Nov 28 13:36:29 Proxmox01 pvesh: <root@pam> end task UPID:proxmox01:00000AB0:000019CD:529738C3:startall::root@pam: cluster not ready - no quorum?
Nov 28 13:36:54 Proxmox01 pmxcfs[2348]: [status] notice: received log
Nov 28 13:37:15 Proxmox01 pmxcfs[2348]: [dcdb] crit: received write while not quorate - trigger resync
Nov 28 13:37:15 Proxmox01 pmxcfs[2348]: [dcdb] crit: leaving CPG group
Nov 28 13:37:16 Proxmox01 pmxcfs[2348]: [dcdb] notice: start cluster connection
Nov 28 13:37:16 Proxmox01 pmxcfs[2348]: [dcdb] notice: members: 1/2348, 2/2362, 3/2372
Nov 28 13:37:16 Proxmox01 pmxcfs[2348]: [dcdb] notice: starting data syncronisation
Nov 28 13:37:16 Proxmox01 pmxcfs[2348]: [dcdb] notice: received sync request (epoch 1/2348/00000005)
Nov 28 13:37:16 Proxmox01 pmxcfs[2348]: [dcdb] notice: received all states
Nov 28 13:37:16 Proxmox01 pmxcfs[2348]: [dcdb] notice: leader is 2/2362
Nov 28 13:37:16 Proxmox01 pmxcfs[2348]: [dcdb] notice: synced members: 2/2362, 3/2372
Nov 28 13:37:16 Proxmox01 pmxcfs[2348]: [dcdb] notice: waiting for updates from leader
Nov 28 13:37:16 Proxmox01 pmxcfs[2348]: [dcdb] notice: update complete - trying to commit (got 1 inode updates)
Nov 28 13:37:16 Proxmox01 pmxcfs[2348]: [dcdb] notice: all data is up to date
Nov 28 13:37:28 Proxmox01 pmxcfs[2348]: [status] notice: received log
Nov 28 13:37:41 Proxmox01 pvedaemon[2685]: <root@pam> successful auth for user 'root@pam'
Nov 28 13:37:59 Proxmox01 pvedaemon[2685]: <root@pam> starting task UPID:proxmox01:00000B26:00004107:52973927:hastart:102:root@pam:
Nov 28 13:37:59 Proxmox01 pvedaemon[2854]: command 'clusvcadm -e pvevm:102 -m Proxmox01' failed: exit code 1
Nov 28 13:37:59 Proxmox01 pvedaemon[2685]: <root@pam> end task UPID:proxmox01:00000B26:00004107:52973927:hastart:102:root@pam: command 'clusvcadm -e pvevm:102 -m Proxmox01' failed: exit code 1
Nov 28 13:38:22 Proxmox01 pvedaemon[2685]: <root@pam> starting task UPID:proxmox01:00000B31:000049AC:5297393E:hastart:103:root@pam:
Nov 28 13:38:22 Proxmox01 pvedaemon[2865]: command 'clusvcadm -e pvevm:103 -m Proxmox01' failed: exit code 1
Nov 28 13:38:22 Proxmox01 pvedaemon[2685]: <root@pam> end task UPID:proxmox01:00000B31:000049AC:5297393E:hastart:103:root@pam: command 'clusvcadm -e pvevm:103 -m Proxmox01' failed: exit code

*Update:

After rebooting all nodes RGManager won't start from any node anymore.
however it still says:
Starting Cluster Service Manager: [ OK ]
TASK OK
 
Last edited:
So nobody has any idea about this RGManager issue?

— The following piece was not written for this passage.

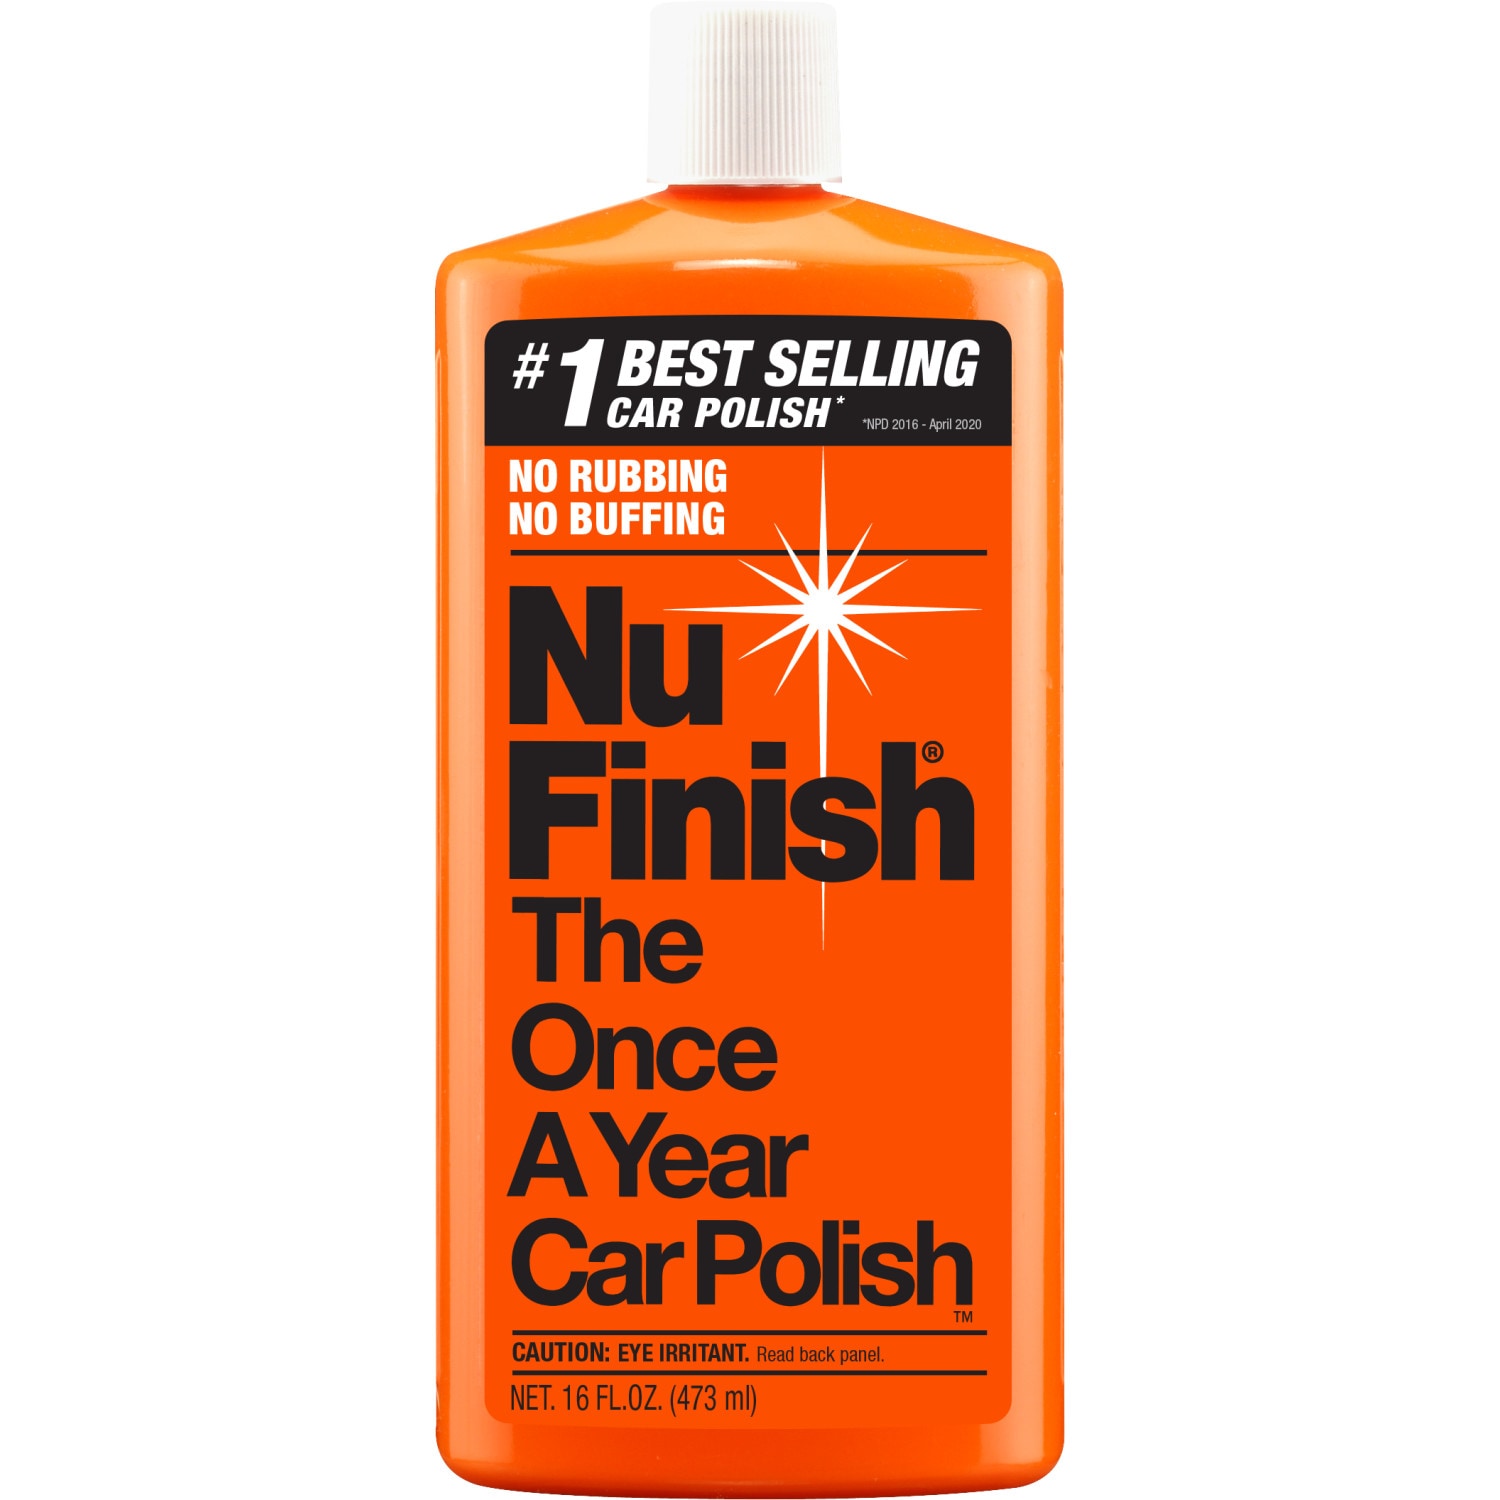 Nu Finish Car Polish, The Once A Year - 16 fl oz

My guess is that you simply rebooted both nodes, an did not take care to get quorate. So rgmanager did not start because cluster was not quorate at boot time.

Try the following on the node that does not run rgmanager:

# service cman start
# service rgmanager start
 
Last edited by a moderator:
My guess is that you simply rebooted both nodes, an did not take care to get quorate. So rgmanager did not start because cluster was not quorate at boot time.

Try the following on the node that does not run rgmanager:

# service start cman
# service start rgmanager

Hello Dietmar,

Today we had our first test day with 25 users working on 38 vm's and beyond that we are using old hardware our test passed.

3x HP proliant Proxmox 3.1
1x HP proliant Freenas
2x MSA 60 storages 24x 500gb 7.2k hd configured as raid 5

Now i can focus back on HA because its a must have.
When using your command it gives the following error:

root@Proxmox01:~# service start cman
start: unrecognized service
root@Proxmox01:~# service start rgmanager
start: unrecognized service

When using /etc/init.d/ it says it start but it doesn't

root@Proxmox01:/# /etc/init.d/cman start
Starting cluster:
Checking if cluster has been disabled at boot... [ OK ]
Checking Network Manager... [ OK ]
Global setup... [ OK ]
Loading kernel modules... [ OK ]
Mounting configfs... [ OK ]
Starting cman... [ OK ]
Waiting for quorum... [ OK ]
Starting fenced... [ OK ]
Starting dlm_controld... [ OK ]
Tuning DLM kernel config... [ OK ]
Unfencing self... [ OK ]
root@Proxmox01:/# /etc/init.d/rgmanager start
Starting Cluster Service Manager: [ OK ]
root@Proxmox01:/# /etc/init.d/rgmanager status
rgmanager is stopped


My guess is that you simply rebooted both nodes, an did not take care to get quorate. So rgmanager did not start because cluster was not quorate at boot time.

You are right. i have indeed rebooted both nodes. does that mean that the rgmanager is crashed and need to be reinstalled?
 
Last edited:
if you run HA, you need to make sure that you NEVER loose quorum, NEVER.

that means, everything needs to be redundant, if you do reboots you need to make sure that still enough nodes are availble to form the quorum.

very important, the cluster network has to be redundant, use bonding and separate switches.
 
Can't you see that you run totally wrong commands?

you wrote him the wrong commands, I corrected your post above so that other does do the same.
 
Hello Tom,

Thank you very much for you reply's.

I used the command but same results as my post above when using the other command.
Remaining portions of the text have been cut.